Requirement:
Write the listing out once more, identical to the original but without pictures.

Data:

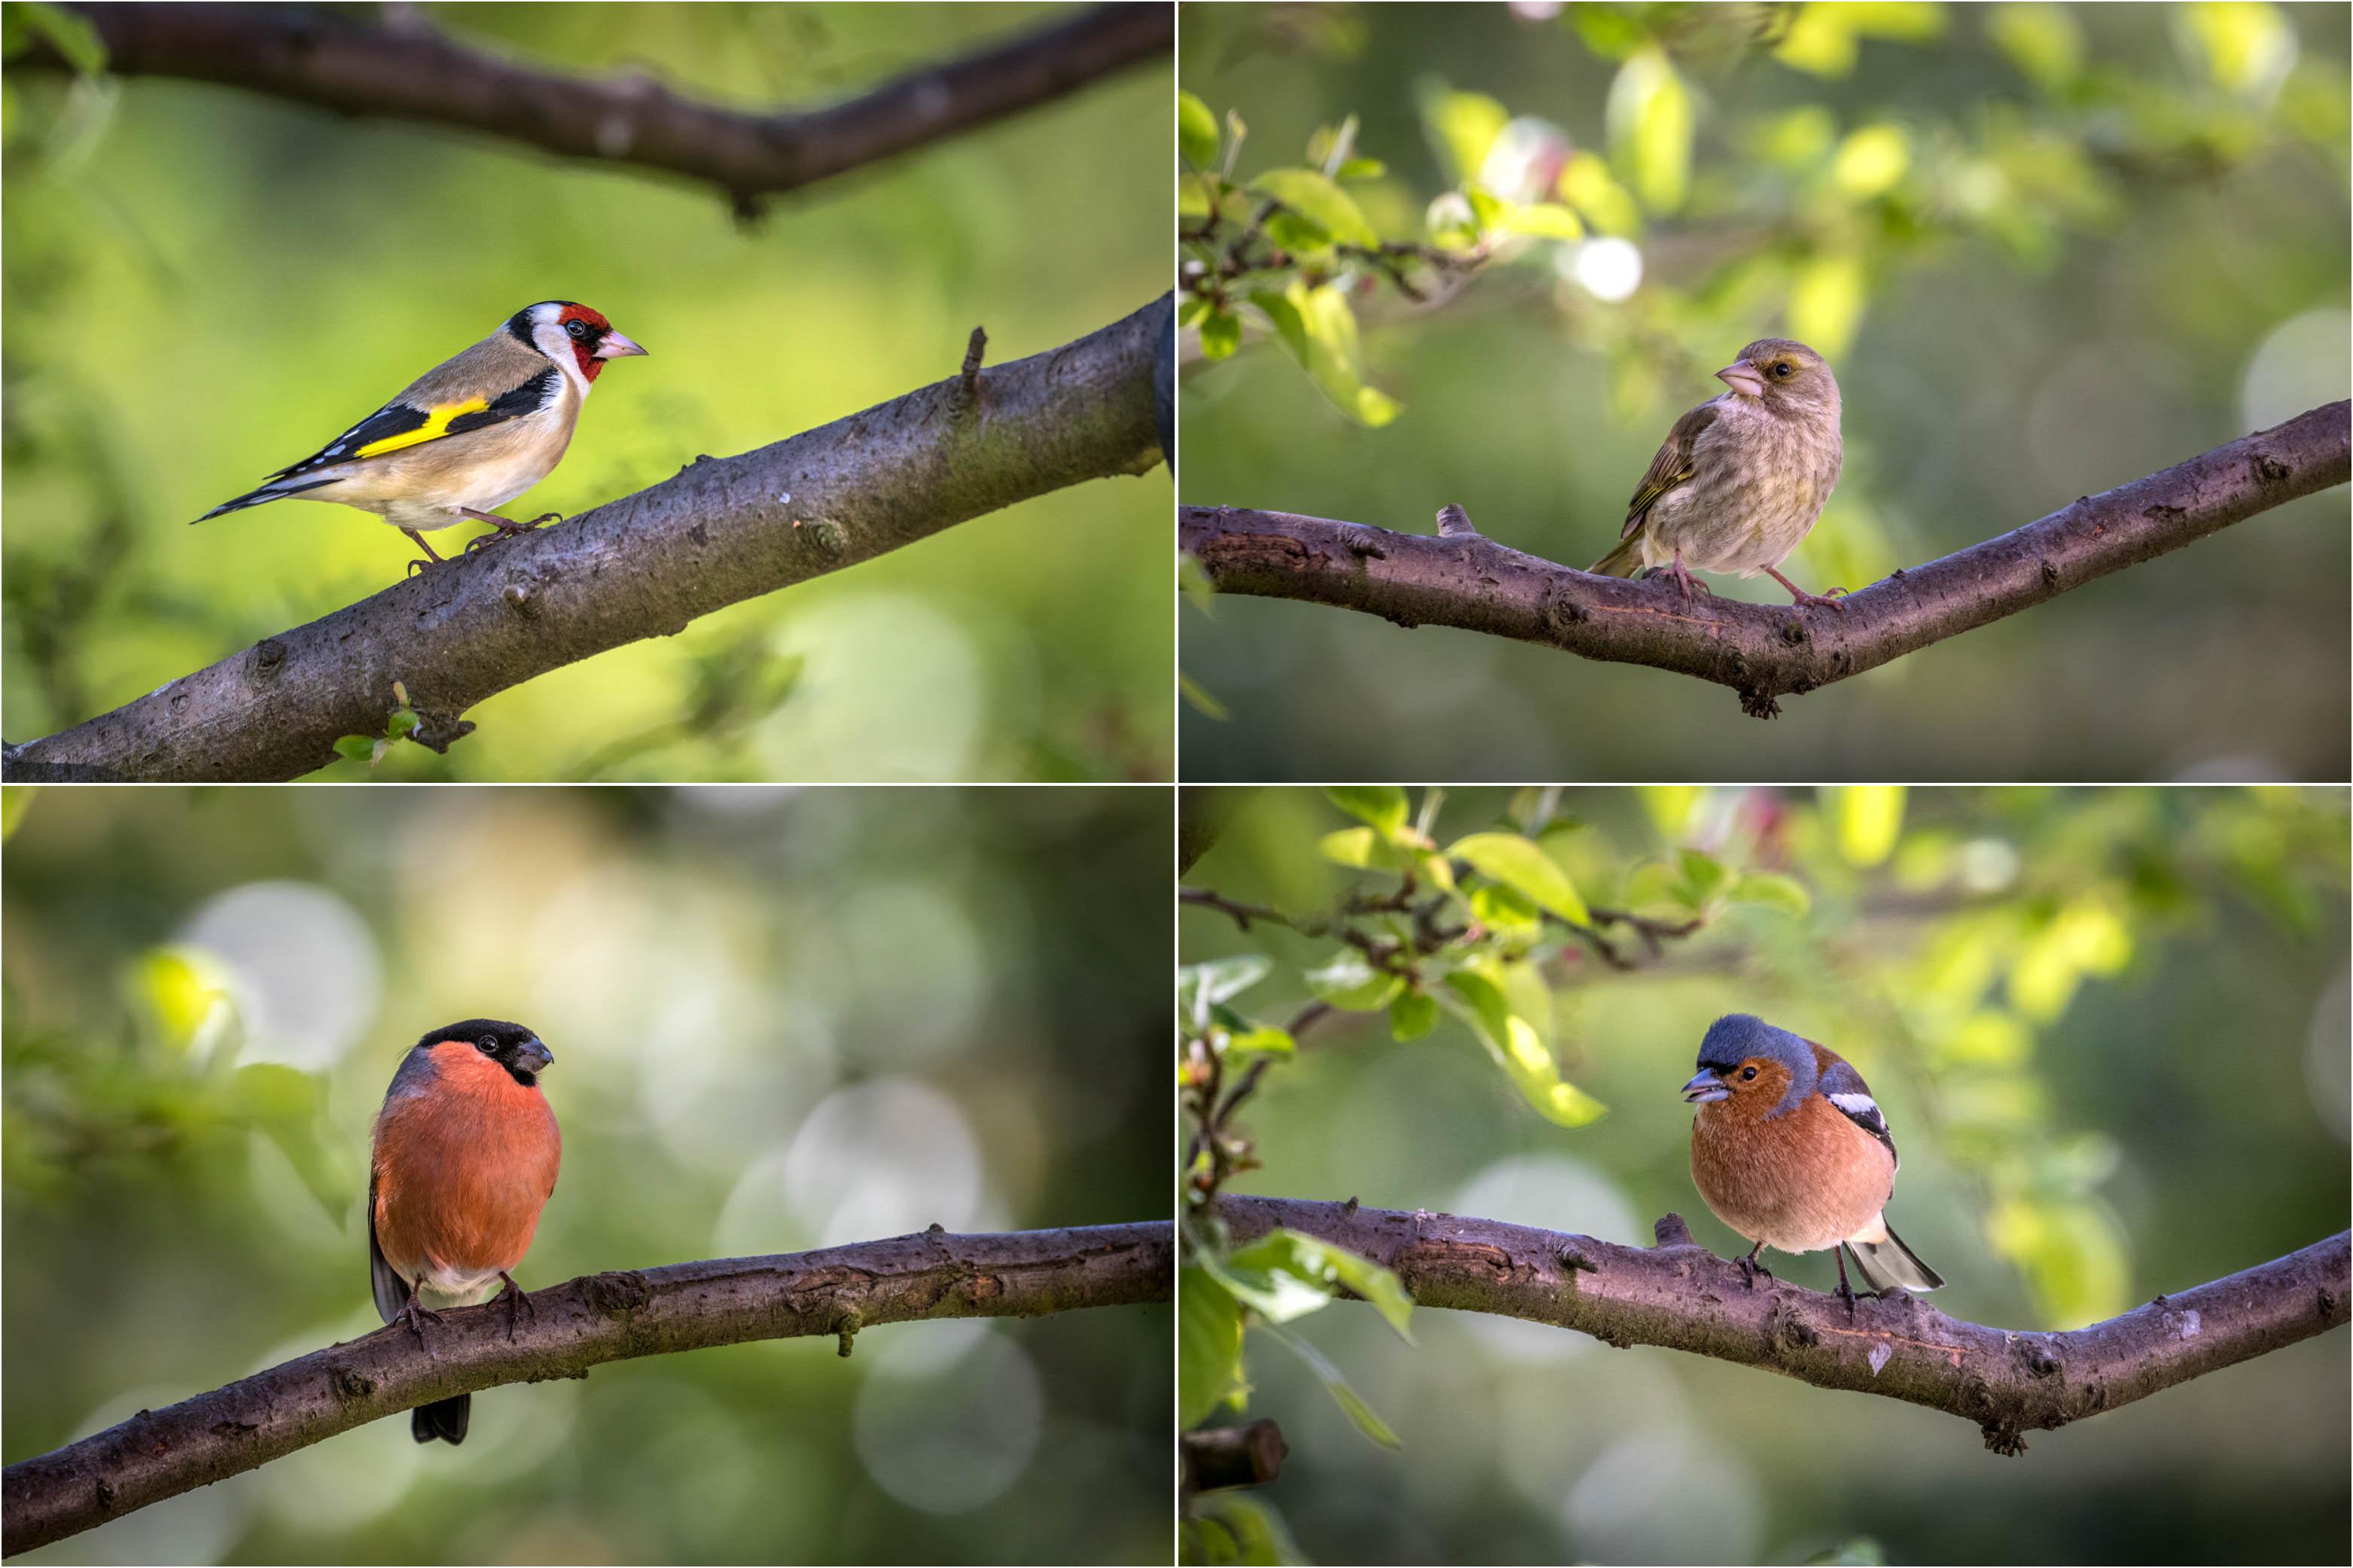 Goldfinch, greenfinch, bullfinch and chaffinch
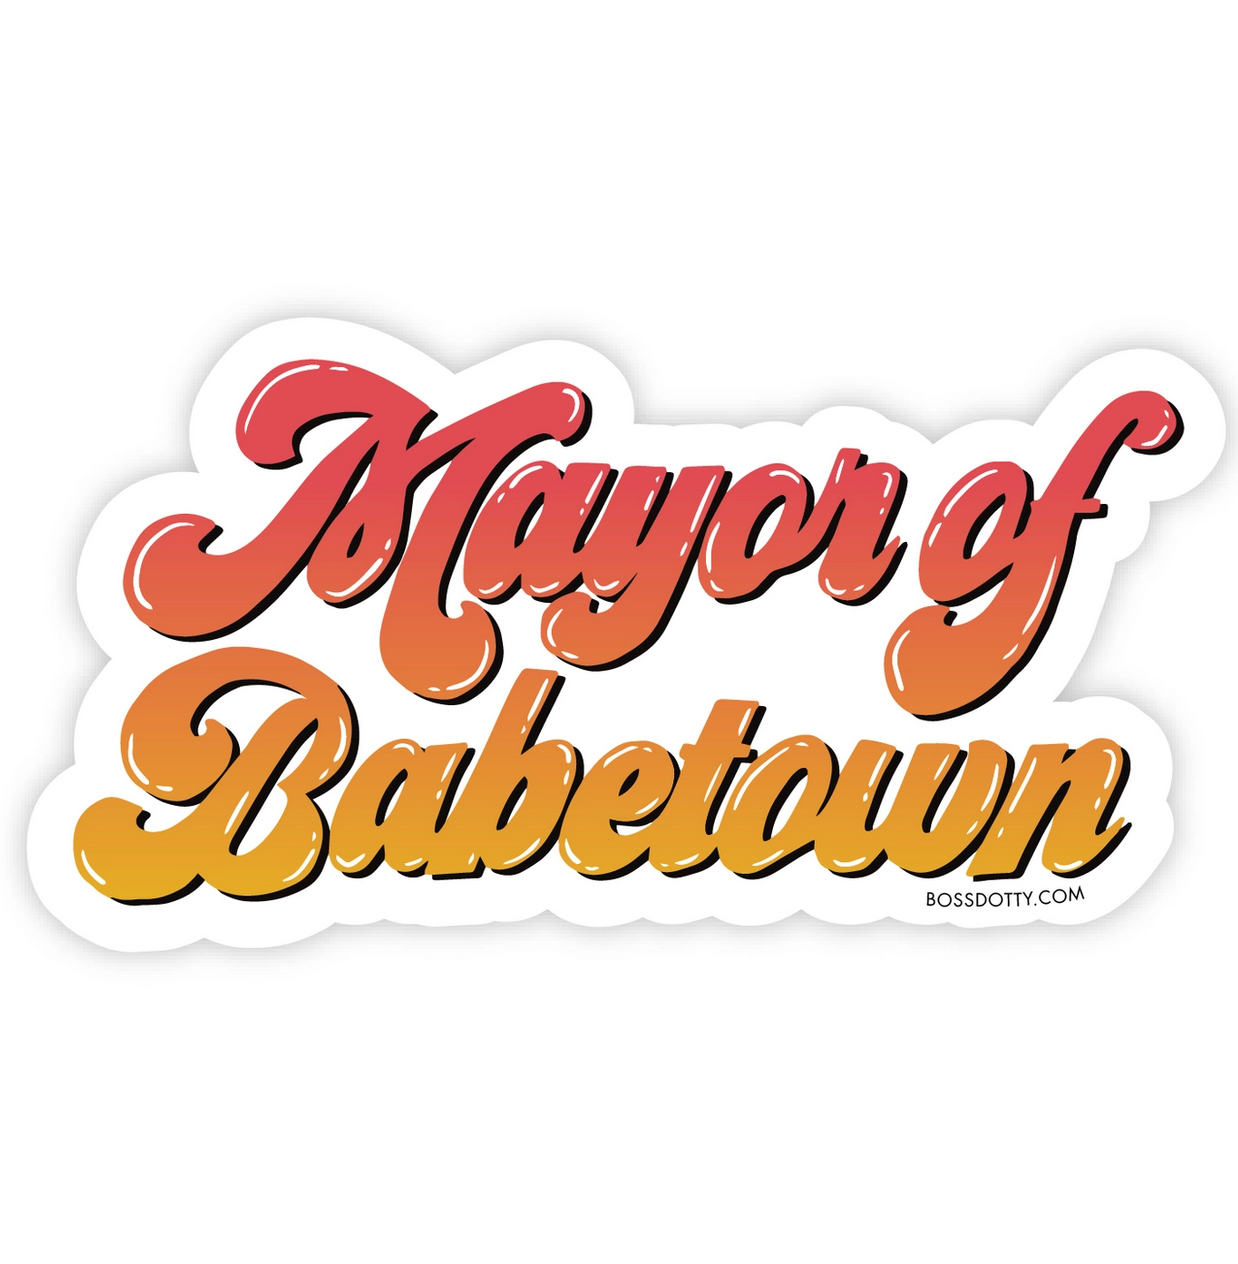 Boss Dotty Mayor of Babetown Sticker
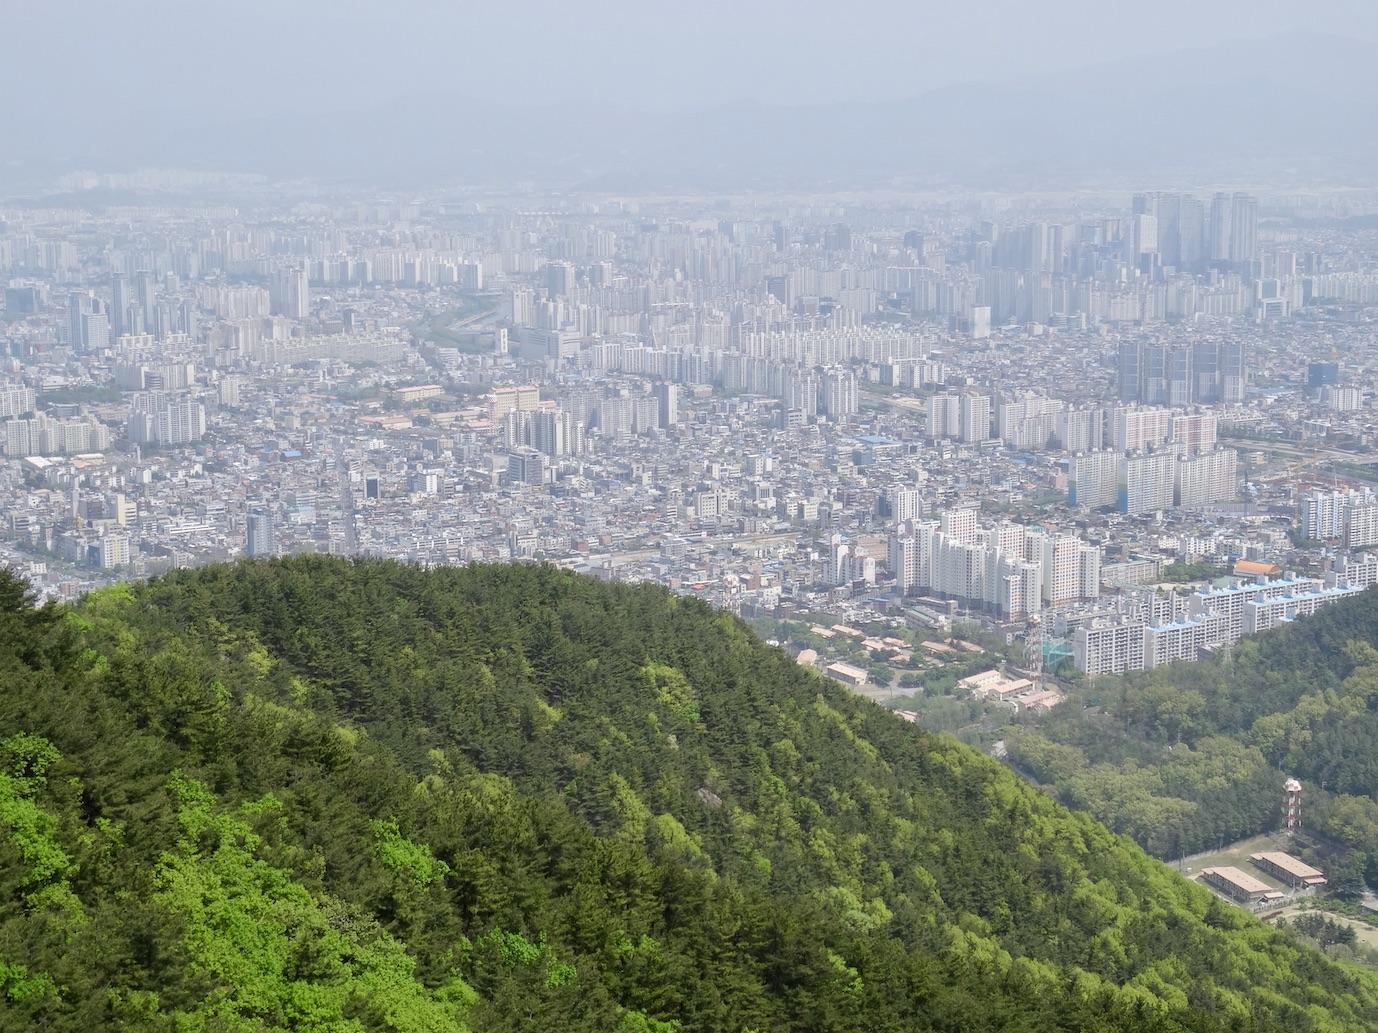 Apsan Mountain South Korea.
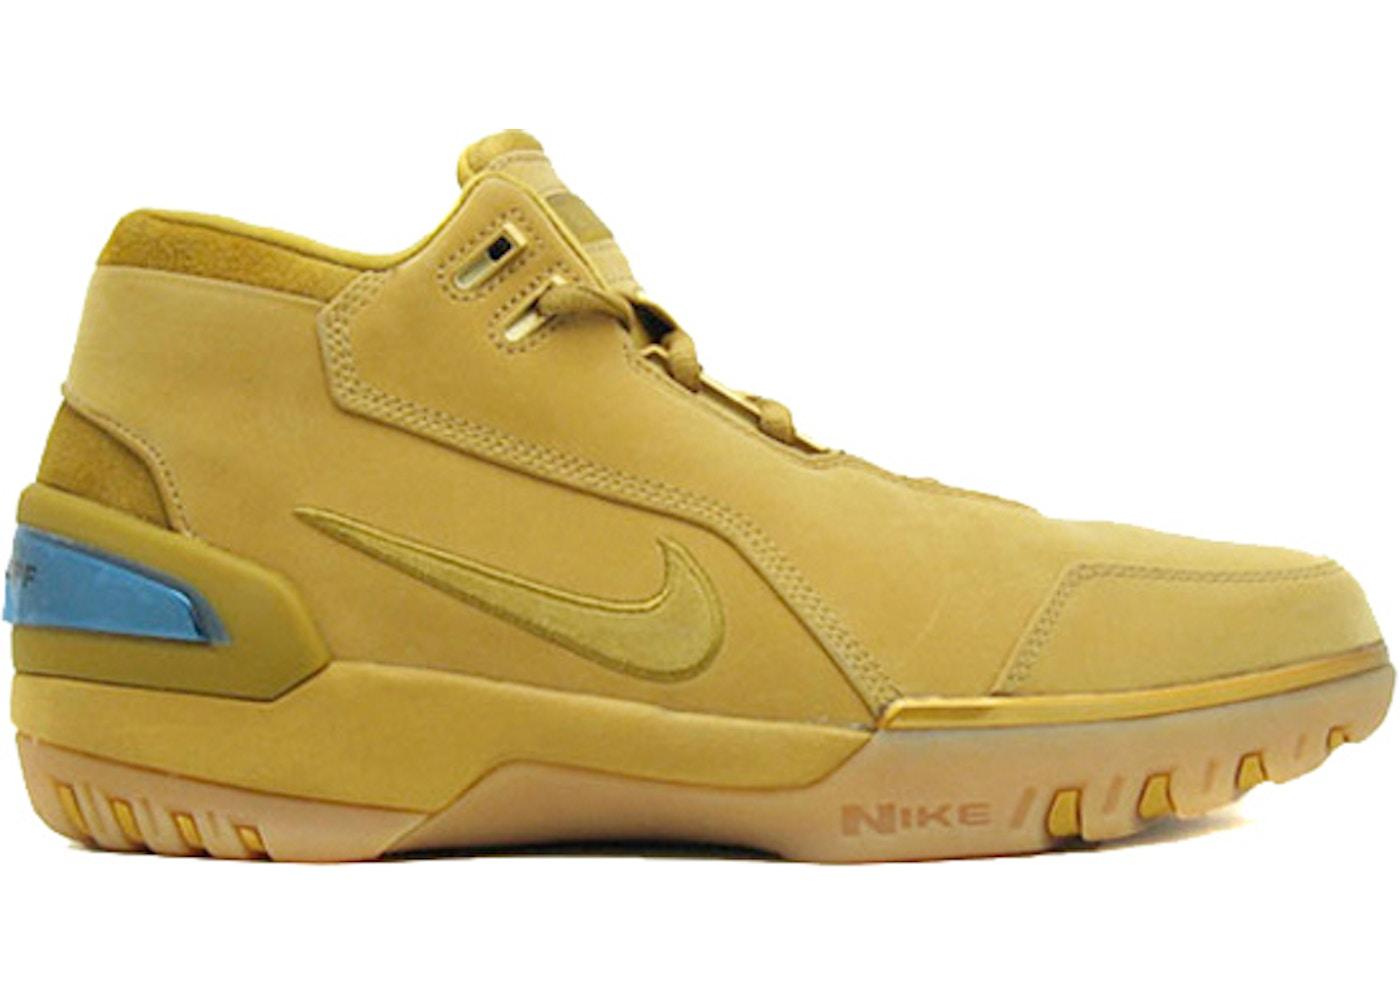 9739e96fc52 Buy Nike LeBron Shoes   Deadstock Sneakers

Expected answer:
 Goldfinch, greenfinch, bullfinch and chaffinch
 Boss Dotty Mayor of Babetown Sticker
 Apsan Mountain South Korea.
 9739e96fc52 Buy Nike LeBron Shoes   Deadstock Sneakers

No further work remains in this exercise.